Your inquiry, of course, involves the interpretation of section 5 of article 3 of the Constitution of South Dakota, which reads as follows: “The legislature shall provide by law for the enumeration of the inhabitants of the state in the year one thousand eight hundred and ninety-five and every ten years thereafter; and at its first regular session after each enumeration and also after each enumeration made by authority of the ¡United States, but at no other time, the legislature shall apportion the senators and representatives according to the number of inhabitants, excluding Indians not taxed and soldiers and officers of the United States army and navy. Provided, that the legislature may make an apportionment at its first session after the admission of South Dakota as a state.”

The Twenty-Second Legislature, meeting 'in 1931, being the first regular session after the last federal census, failed to comply with the mandate of section 5 and made no apportionment as thereby required. Your question is whether the Twenty-Third Legislature now in session has the authority in the premises which should have been exercised by the Twenty-Second Legislature, but was not.

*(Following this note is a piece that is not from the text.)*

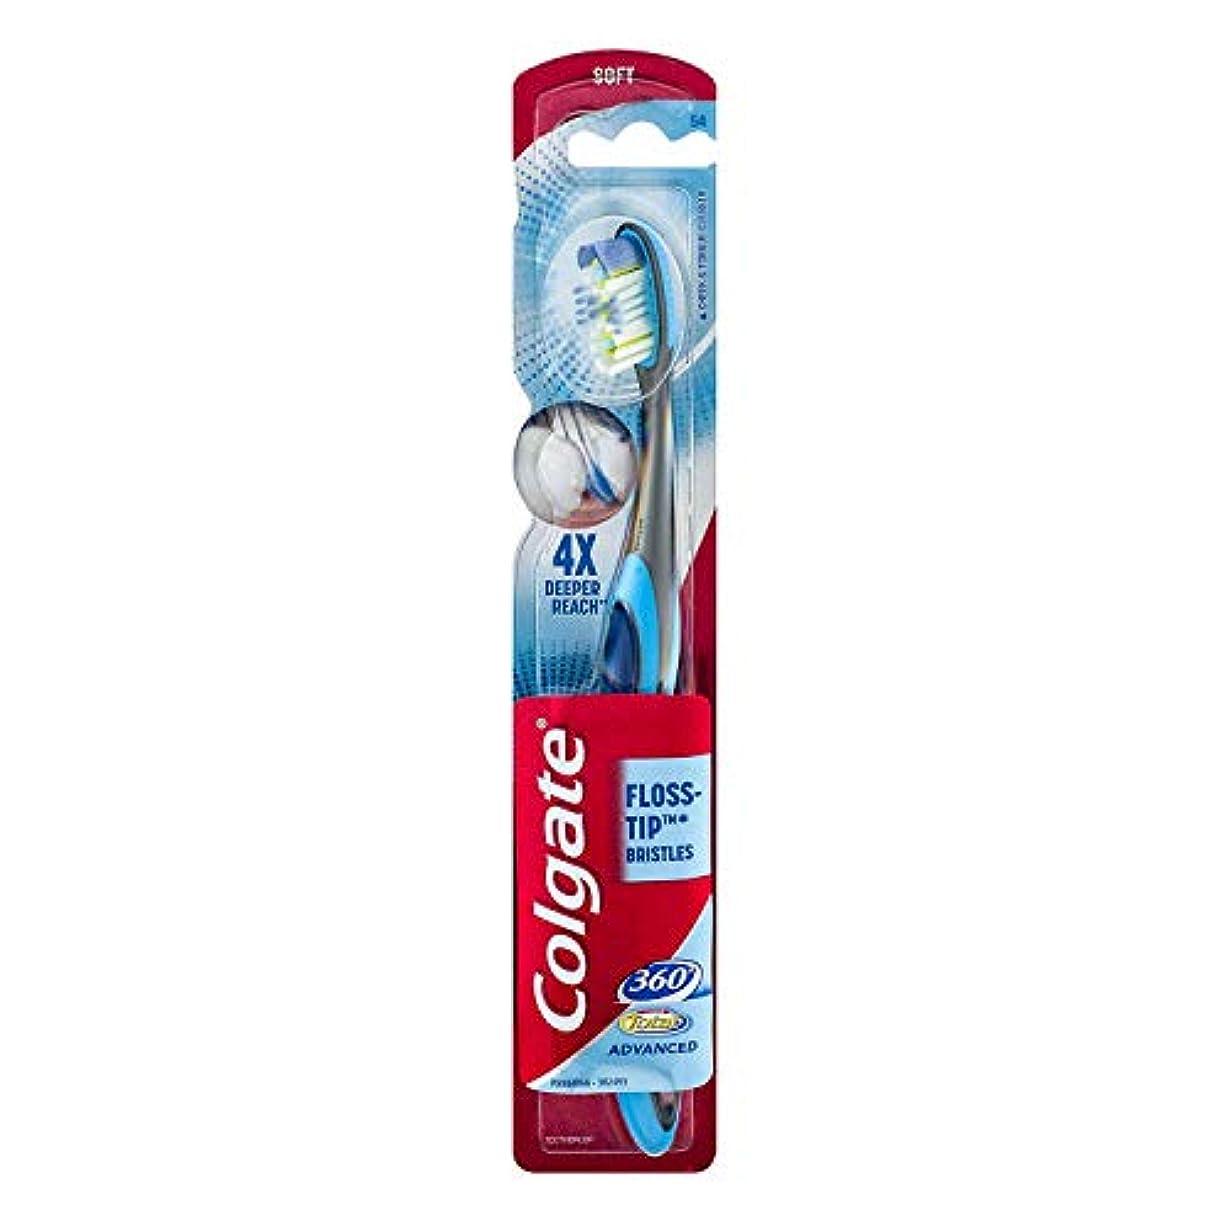 無効石油着陸Colgate 360合計先進FLOSS-ヒント歯ブラシ、完全な頭部ソフト1 Eaは 1パック

This question seems not particularly difficult, and all the cases we have discovered1 relevant thereto appear to point in one direction. The Constitutions of many of the states contain *111 provisions very similar to our own with reference to the matter of apportionment. In most of them, however (in fact, in all which we have examined excepting those of Arkansas and Nebraska), we fail to find the words “but at no other time.” That is to say, in most of the comparable constitutional provisions there is affirmative mandate for action at a certain specified time but no express prohibition of action at other times. We do not, however, regard that fact as particularly material. It seems to be held by all the courts which have had occasion to pass upon the matter that an affirmative mandate for legislative action at a specific time is an implied prohibition of action at any other time. Slauson v. City of Racine (1861) 13 Wis. 398; Denney v. State ex rel Basler (1896) 144 Ind. 503, 42 N. E. 929, 31 L. R. A. 726; People ex rel Mooney v. Hutchinson (1898) 172 Ill. 486, 50 N. E. 599, 40 L. R. A. 770; Wheeler v. Herbert (1907) 152 Cal. 224, 92 P. 353, We think no valid distinction can be based upon the point that in our Constitution the prohibition against action at any other time is express rather than implied. We think the clause of our Constitution expressly forbidding action “at no other time” is part and parcel of and inseparable from the affirmative command requiring action at the first session after each enumeration. The framers of our Constitution did not, we think, have in mind the possibility that a Legislature might disobey the constitutional mandate and might fail to make an apportionment at the time when that duty was affirmatively imposed upon them by the Constitution.